The information provided in response to
Item 5.02 of this Current Report on Form 8-K is hereby incorporated by
reference.
SECTION
5 – CORPORATE GOVERNANCE AND MANAGEMENT
Item
5.02 Appointment of Principal Officers; Compensatory Arrangements of Certain
Officers.
Appointment of Chief
Financial Officer.
On September 30, 2010, MediaNet
Group Technologies, Inc. (the “Company”) appointed
Mark Mroczkowski to be its Chief Financial Officer.
From April 2008 until September 30,
2010, Mr. Mroczkowski was an independent consultant providing business advisory,
investment banking services and interim chief accounting officer and chief
financial officer services. Between April 2010 and September
30, 2010, Mr. Mroczkowski provided the Company with a variety of financial
and accounting services as a consultant. From 2000 to April 2008, Mr.
Mroczkowski was the Chief Operating Officer and Chief Financial Officer of
Sequiam Corporation, Inc., an OTCBB listed original equipment and design
manufacturer of biometric software and hardware located in Orlando,
Florida. From 1996 to 1999, Mr. Mroczkowski was the Chief Financial Officer
of GeoStar Corporation, a natural resources developer based in Mt. Pleasant,
Michigan. From 1985 to 1996, Mr. Mroczkowski was the Managing Partner
of Mroczkowski, Simmons & LaPlant, CPA’s of Tampa Florida. Mr. Mroczkowski
is 57 years old.
In connection with his appointment as
Chief Financial Officer, Mr. Mroczkowski entered into an employment agreement
with the Company and DUBLICOM LIMITED, DUBLI NETWORK LIMITED and Lenox
Logistik and Service GmbH, which has an initial term of two years. Thereafter,
the employment agreement shall renew annually for one year unless either party
gives at least 60 days prior written notice. Pursuant to the
employment agreement, Mr. Mroczkowski is entitled to a base salary of $162,000
per annum and such other compensation as is determined by the Company from time
to time. Contemporaneous with Mr. Mroczkowski’s execution of the employment
agreement, the Company granted him options (the “Options”) to purchase up to
five million shares of the Company’s common stock, at an exercise price of $.001
per share. Options exercisable for one million shares of common stock
vested at September 30, 2010 and the remaining Options exercisable for four
million shares are scheduled to vest evenly at the rate of 500,000 shares per
quarter, provided Mr. Mroczkowski is continuing to serve as the Company’s Chief
Financial Officer. Upon a “change in control” of the Company, all of
the Options shall automatically vest and be immediately
exercisable.
The employment agreement provides Mr.
Mroczkowski the right to terminate the agreement with “good reason” or
without cause on 90 days prior written notice.

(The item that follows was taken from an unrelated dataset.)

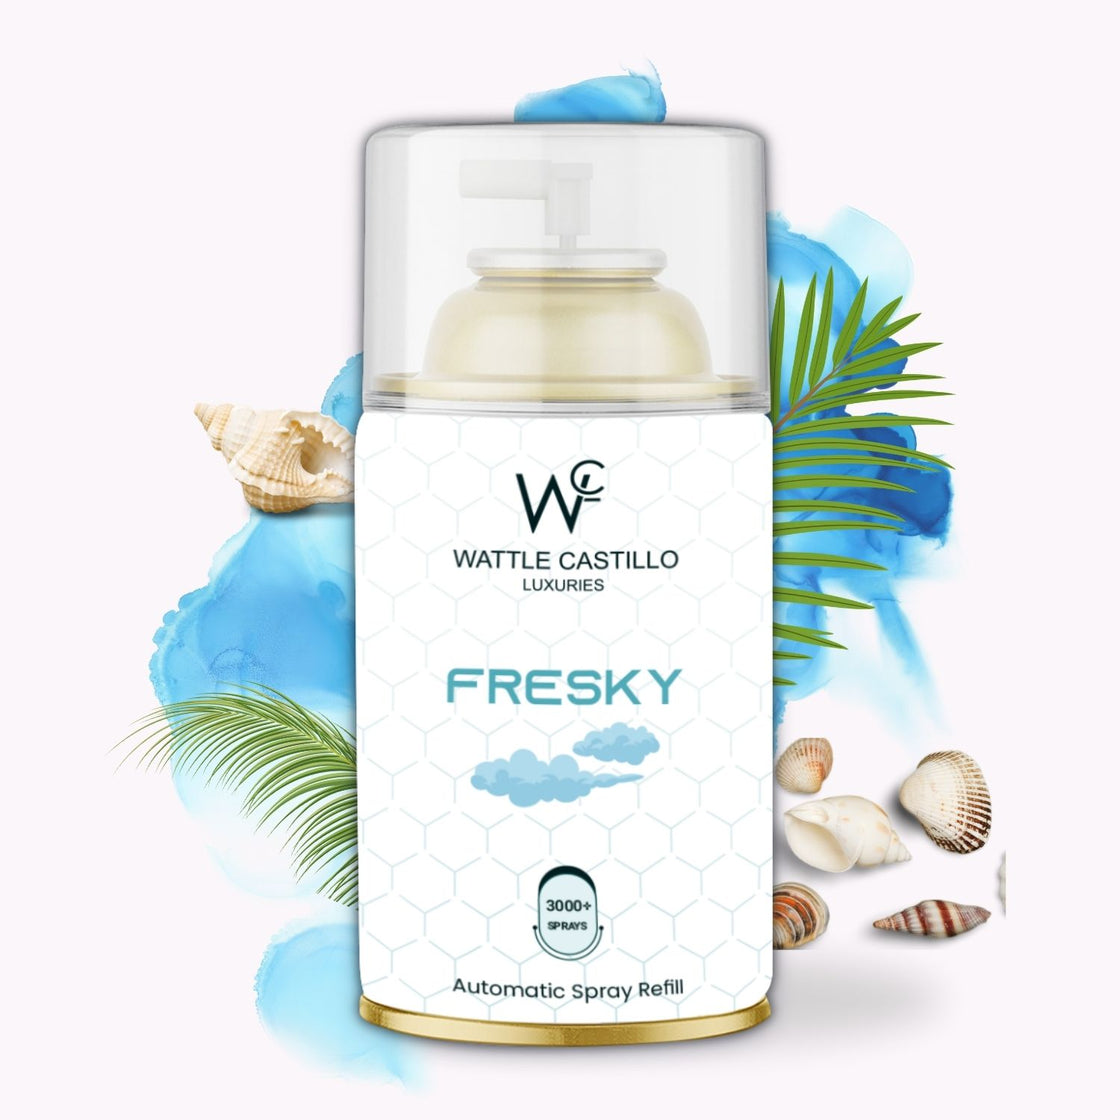 Wattle castillo Fresky Automatic Room Fresheners Refill (2ml) & 3000+ Sprays Guaranteed Lasts up to 80 days

In the event that Mr. Mroczkowski (i)
is terminated by us without cause or (ii) terminates his employment with us for
good reason, Mr. Mroczkowski shall be entitled to receive, in accordance with
regular payroll policies, any earned and unpaid compensation plus, the salary
otherwise payable to him over the next 6 months. Any unvested stock
options then held by Mr. Mroczkowski will vest immediately and options held
by Mr. Mroczkowski will remain exercisable for a period of ninety (90) days from
the date of such termination, but in no event later than the expiration date of
the option.
In the event that Mr. Mroczkowski dies
or is disabled, he or his estate would be entitled to receive any earned but
unpaid compensation up until the date of death or termination due to disability.
Any unvested stock options then held by the Mr. Mroczkowski will vest
immediately and options held by Mr. Mroczkowski, or his estate, will remain
exercisable for three (3) years from the date of the Mr. Mroczkowski’s death or
termination due to disability, but in no event later than the expiration date of
the option.
In the event that Mr. Mroczkowski is
terminated by us with cause or terminates his employment with us without good
reason, Mr. Mroczkowski shall be entitled to receive any earned but unpaid
compensation up until the time the deemed date of the termination of
services. Any unvested stock options then held by Mr. Mroczkowski
will be forfeited. Any vested options held by Mr. Mroczkowski
will remain exercisable for a period of ninety (90) days from the date of such
termination, but in no event later than the expiration date of the
option.
2
Mr. Mroczkowski has agreed not to
compete with the Company or competitively solicit the Company’s employees or
business associates during the course of his employment and for a period of one
year after his employment has been terminated.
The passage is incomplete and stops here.